• [COLLECTED MATERIAL]
┄┄┄┄┄┄
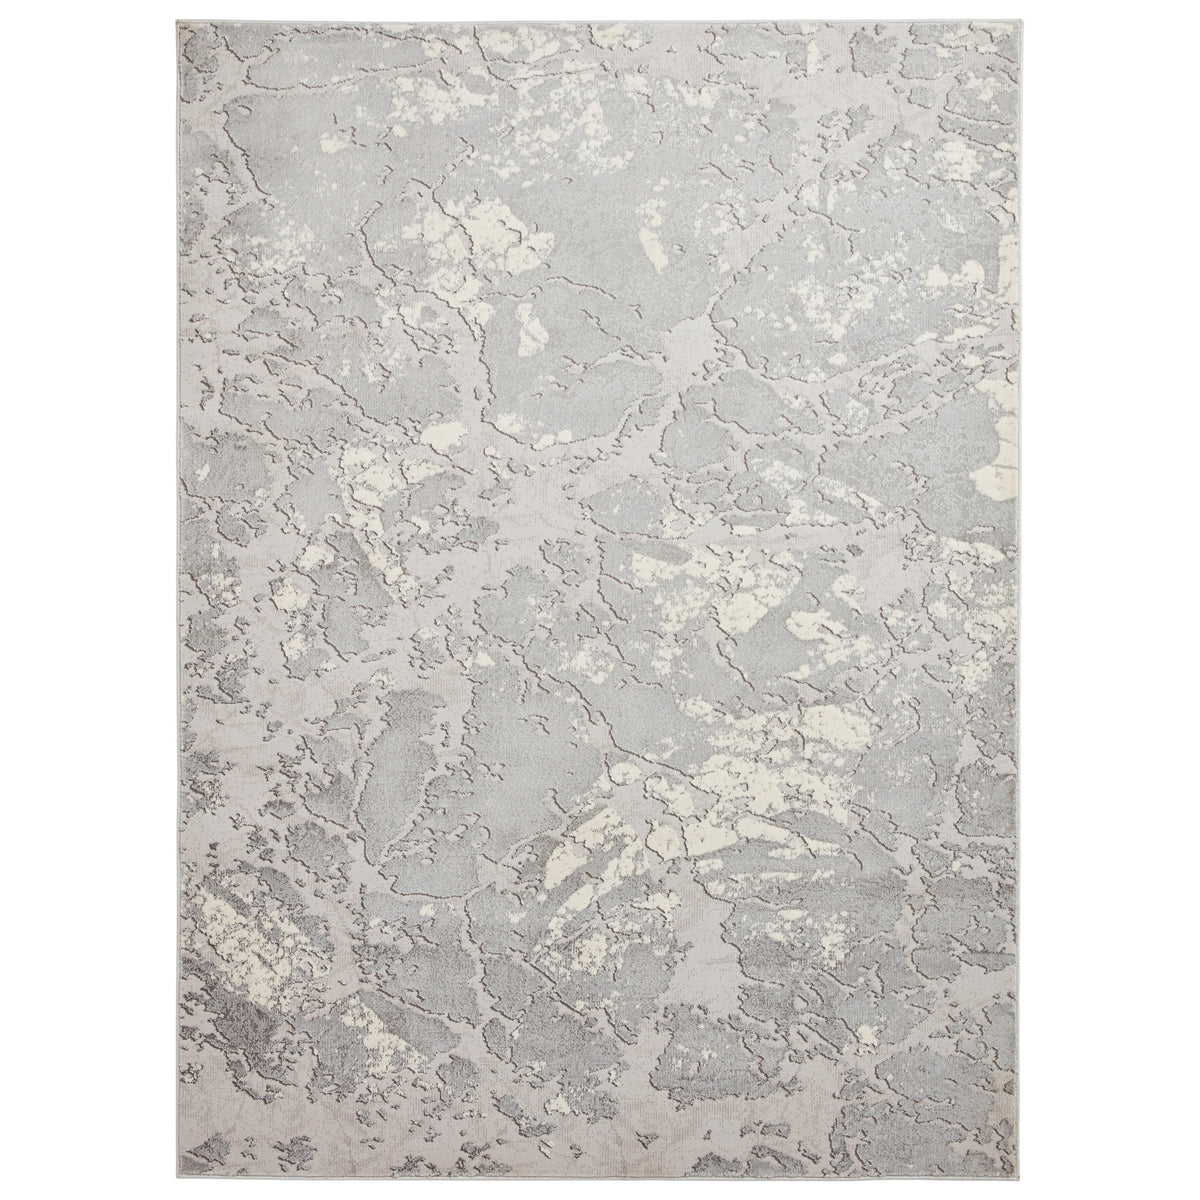 Aldrin Grey Ivory Marble Effect Rug from Roseland Furniture
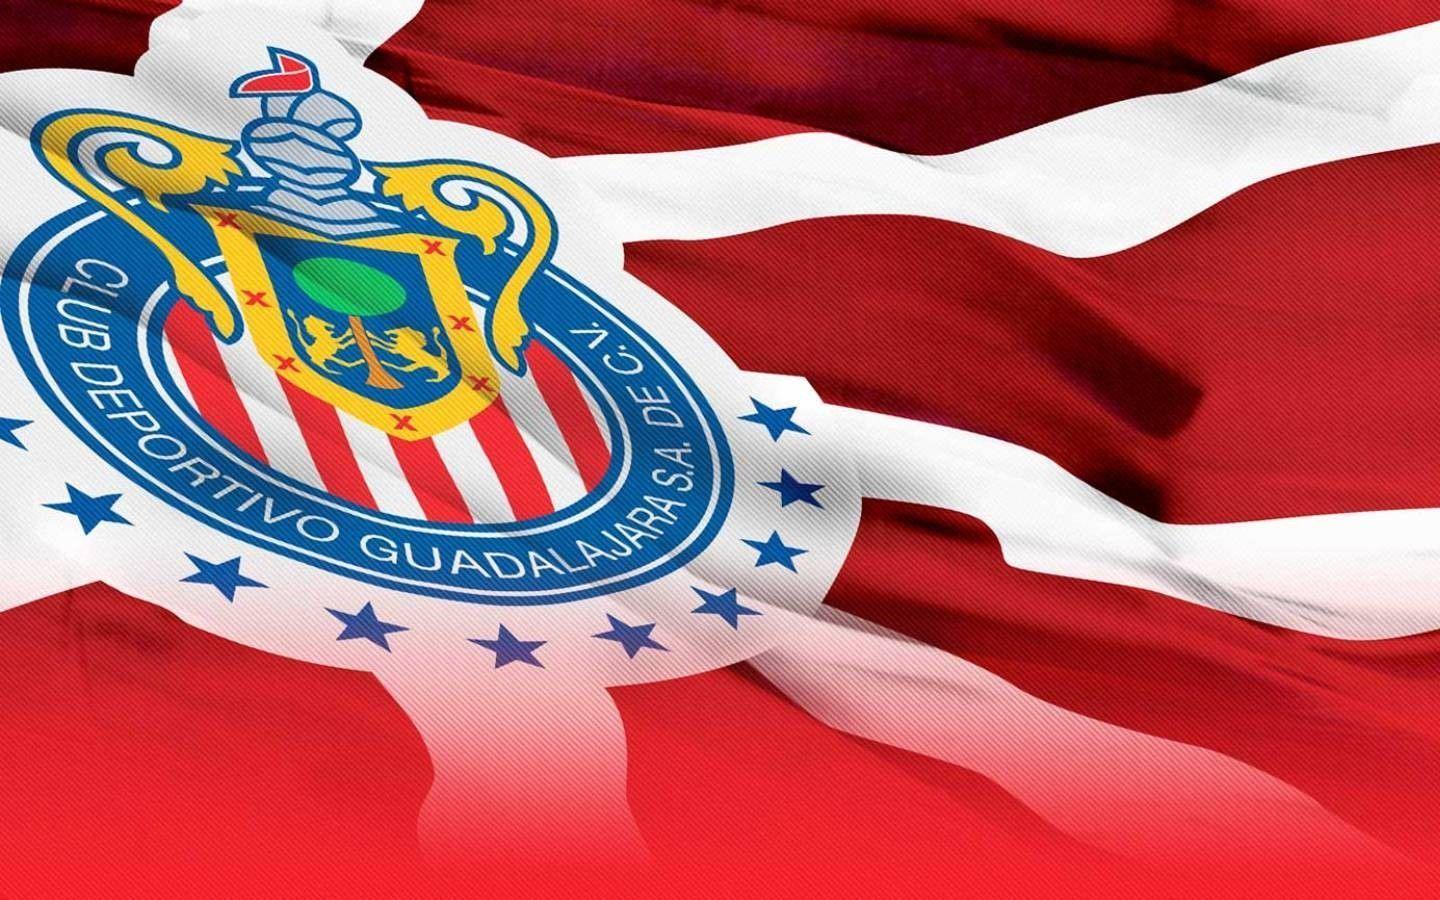 Chivas Team Wallpapers Image & Pictures
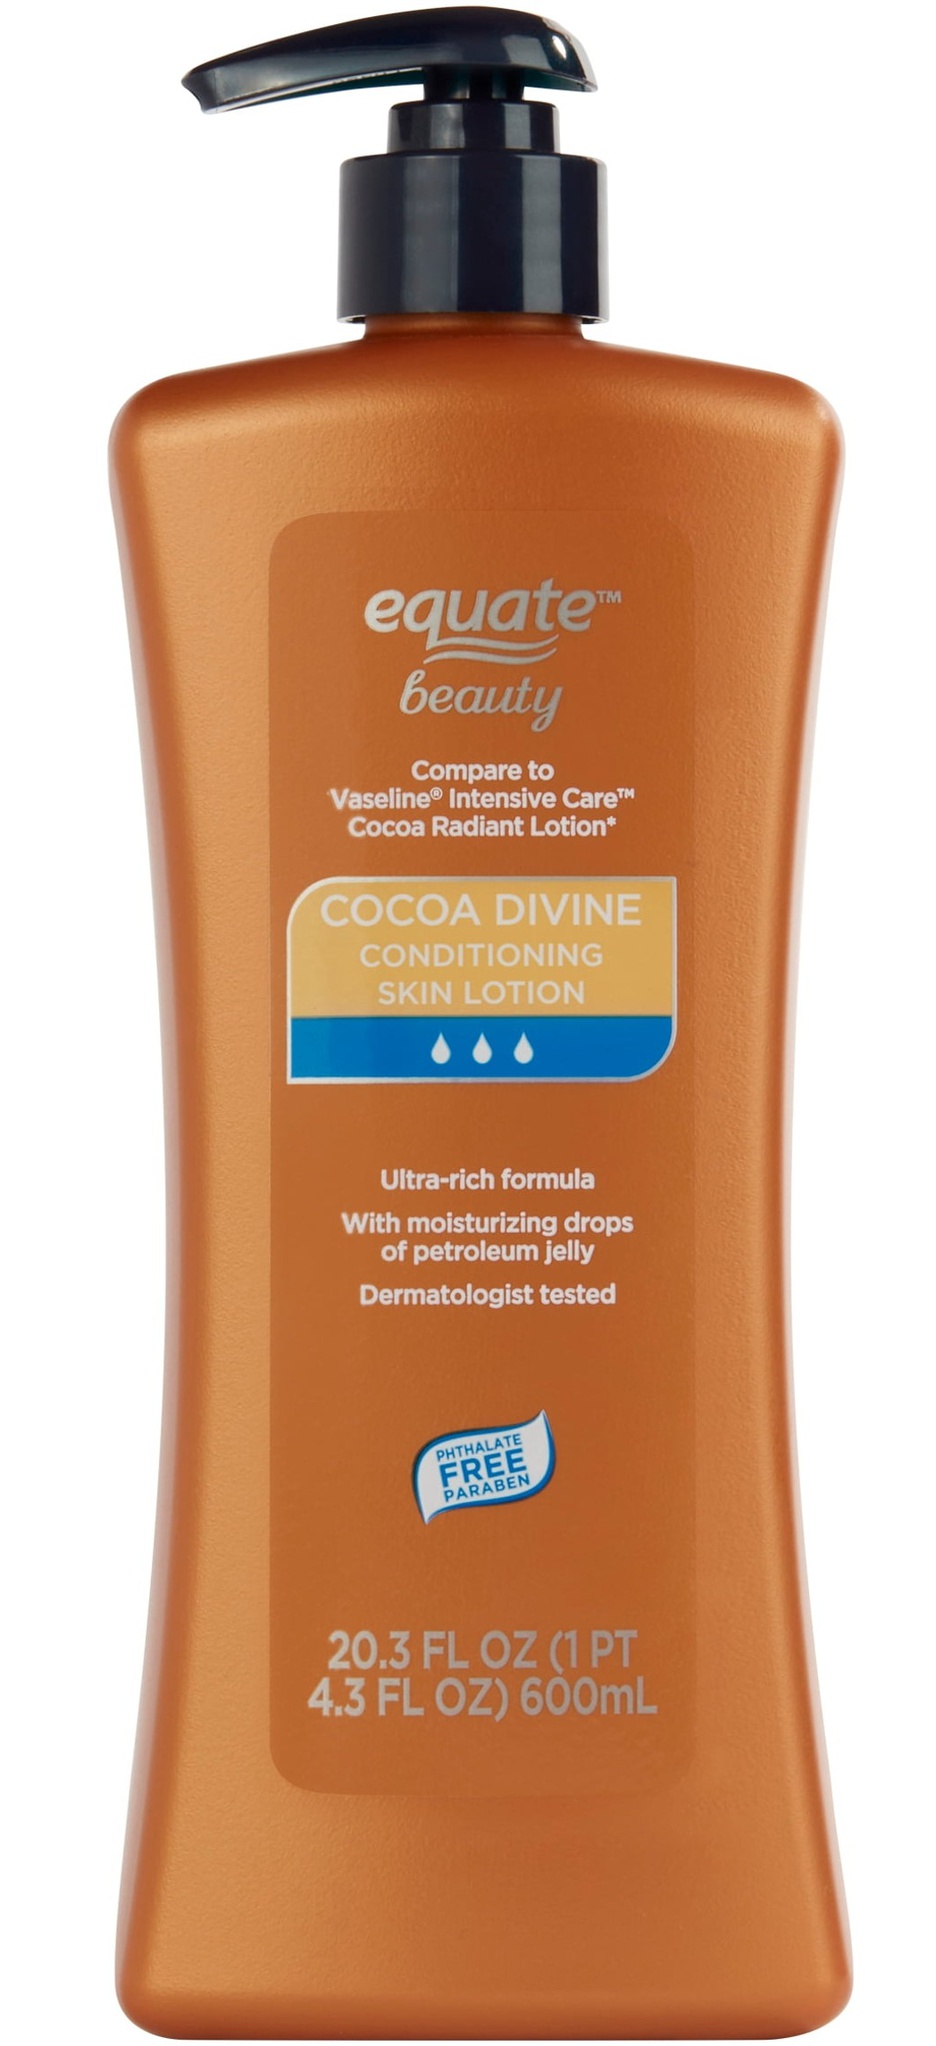 Equate Beauty Cocoa Butter Conditioning Skin Lotion
┄┄┄┄┄┄
• [DIRECTIONS FOR THIS TASK] Set the data above down again exactly as given, with no pictures.

• [YOUR RESPONSE]
 Aldrin Grey Ivory Marble Effect Rug from Roseland Furniture
 Chivas Team Wallpapers Image & Pictures
 Equate Beauty Cocoa Butter Conditioning Skin Lotion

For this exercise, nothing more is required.